Although there is no specific regulation on the point, it is reasonable to state that these principles also apply to the texts generated by Chat GPT, because its use or the use of any other form of artificial intelligence cannot derogate the rules of copyright law. Consequently, the users must be very careful to ask to Chat GPT to summarize or paraphrase another's text because, if these are spread without the author’s permission, the latter might demand payment of reproduction rights in addition to compensation for any damage caused. To this extent, once can wonder whether the artificial intelligence’s system itself should refuse such a request if it precisely infringes other’s rights.
Another hypothesis that might arise must then be considered, and that is if the text prepared from scratch by Chat GPT is worthy of protection under copyright law. In this case, the question to be asked is whether copyright can be recognized in favor of Chat GPT.
To answer this question, we must first consider that, according to the Italian law, artificial intelligence systems are devoid of legal personality, therefore they cannot hold any rights, including copyright. This also seems to be confirmed by the copyright law which doesn’t mention Chat GPT nor any other form of artificial intelligence in listing the subjects to which it may be applied.

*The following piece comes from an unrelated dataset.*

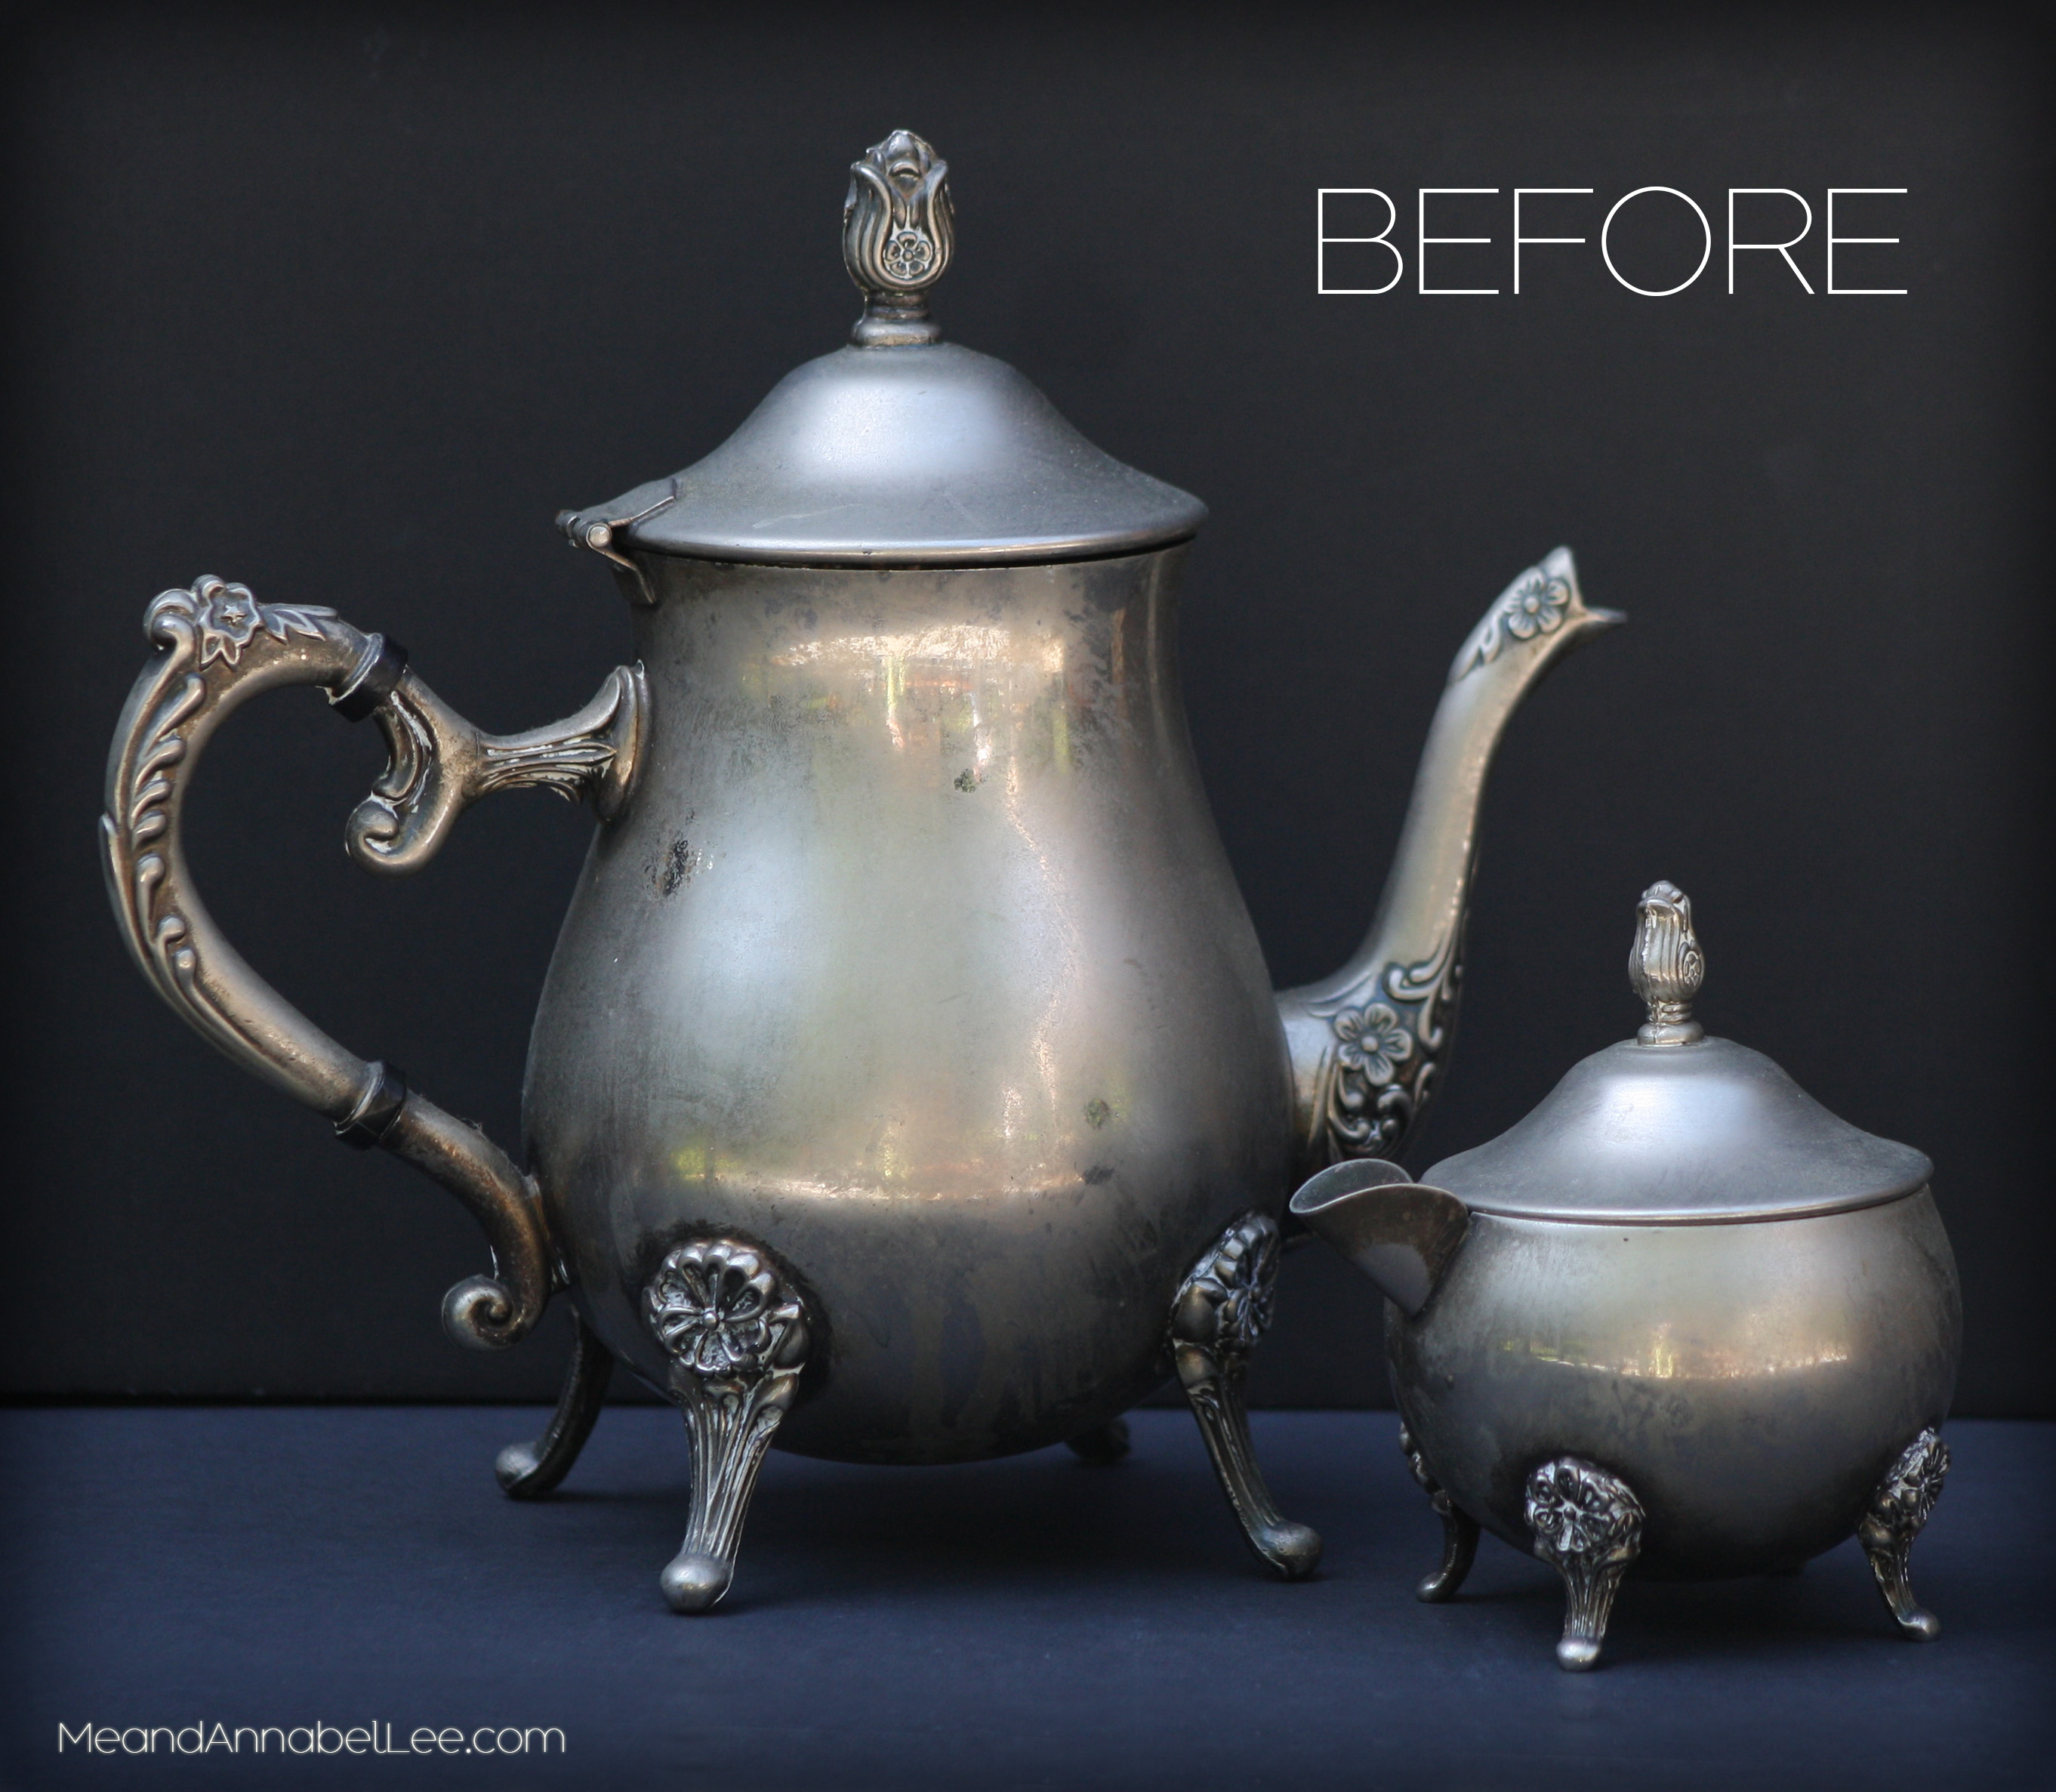 BEFORE - DIY Black & Gold Victorian Gothic Tea Set - Goth entertaining & Home Decor - www.MeandAnnabelLee.com - Blog for all things Dark, Gothic, Victorian, & Unusual
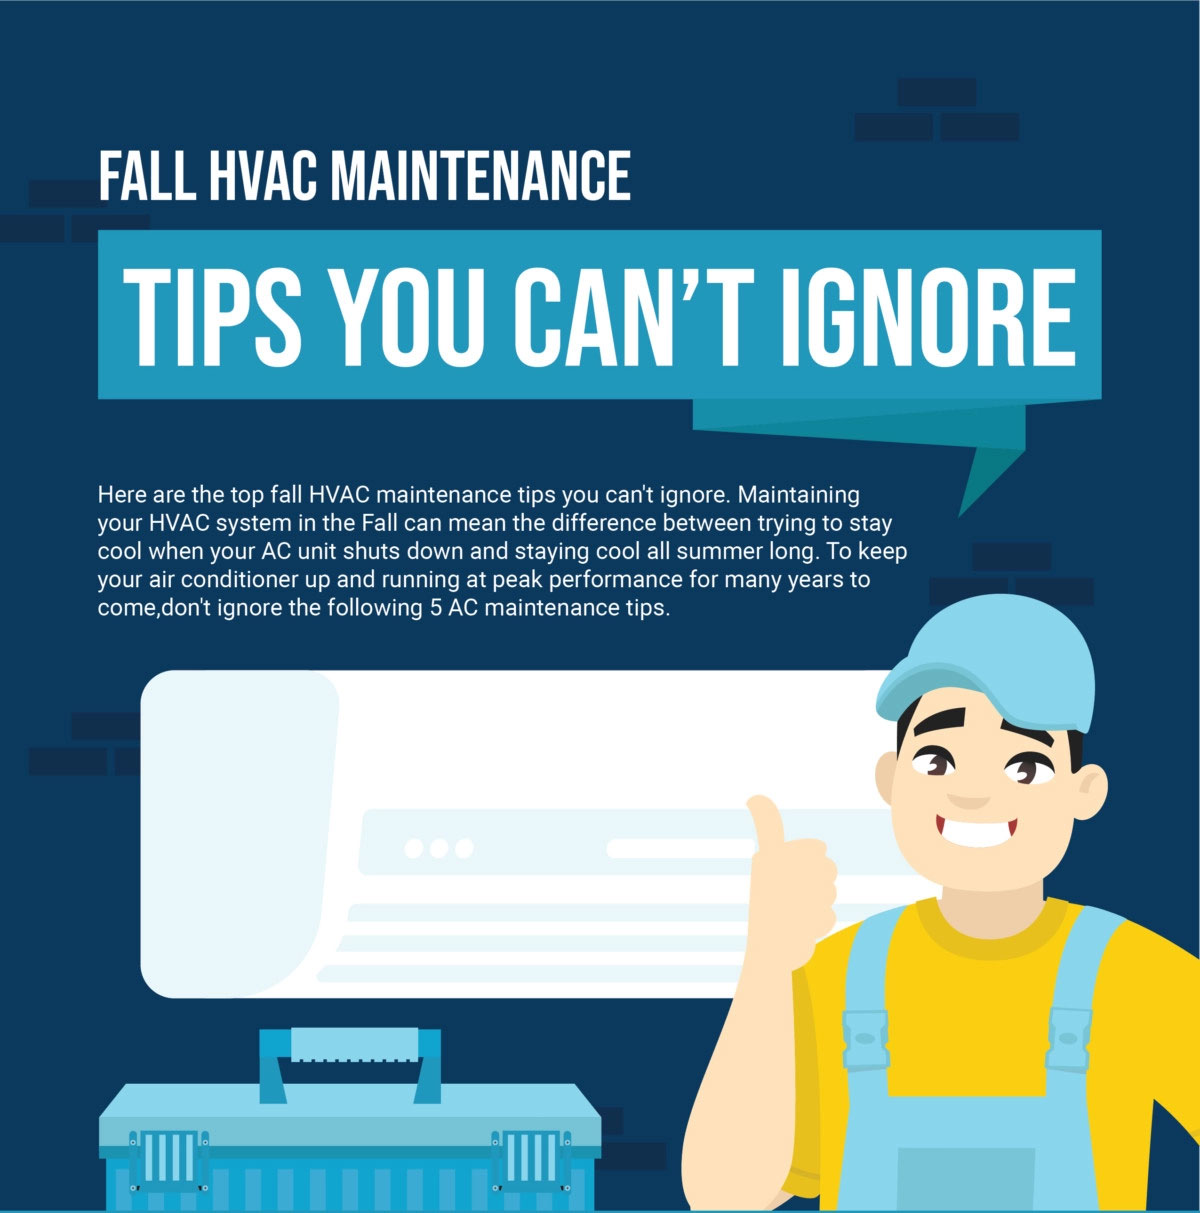 Fall HVAC Tips You Can’t Ignore infographic thumbnail

And it could not be otherwise since it is a law issued in 1941.
Consequently, for a Chat GPT work to be deemed worthy of protection under the copyright law, there must necessarily be a creative contribution by a natural person, which, however, seems to be lacking at present.
In conclusion, the absence of ad hoc legislation regulating the use of Chat GPT exposes to serious risks of infringement of others' works and thus jeopardizes authors’ rights. This is also because it does not appear that Chat GPT has at present adopted suitable verification and control systems to prevent infringement of other’s rights.
Given the increasing use of this new technology and the doubts just discussed, the writer hopes that the legislature will regulate this phenomenon as soon as possible so as to clearly define its scope and any possible rights (rights which do not seem to be able to be recognized in favor of Chat GPT).
It is also hoped that Chat GPT will soon be able to implement effective monitoring and reporting systems for the protection of intellectual property rights, which will likely need the help and assistance of the rights holders themselves (similar to the Amazon platform), but which could concretely safeguard others’ creative works.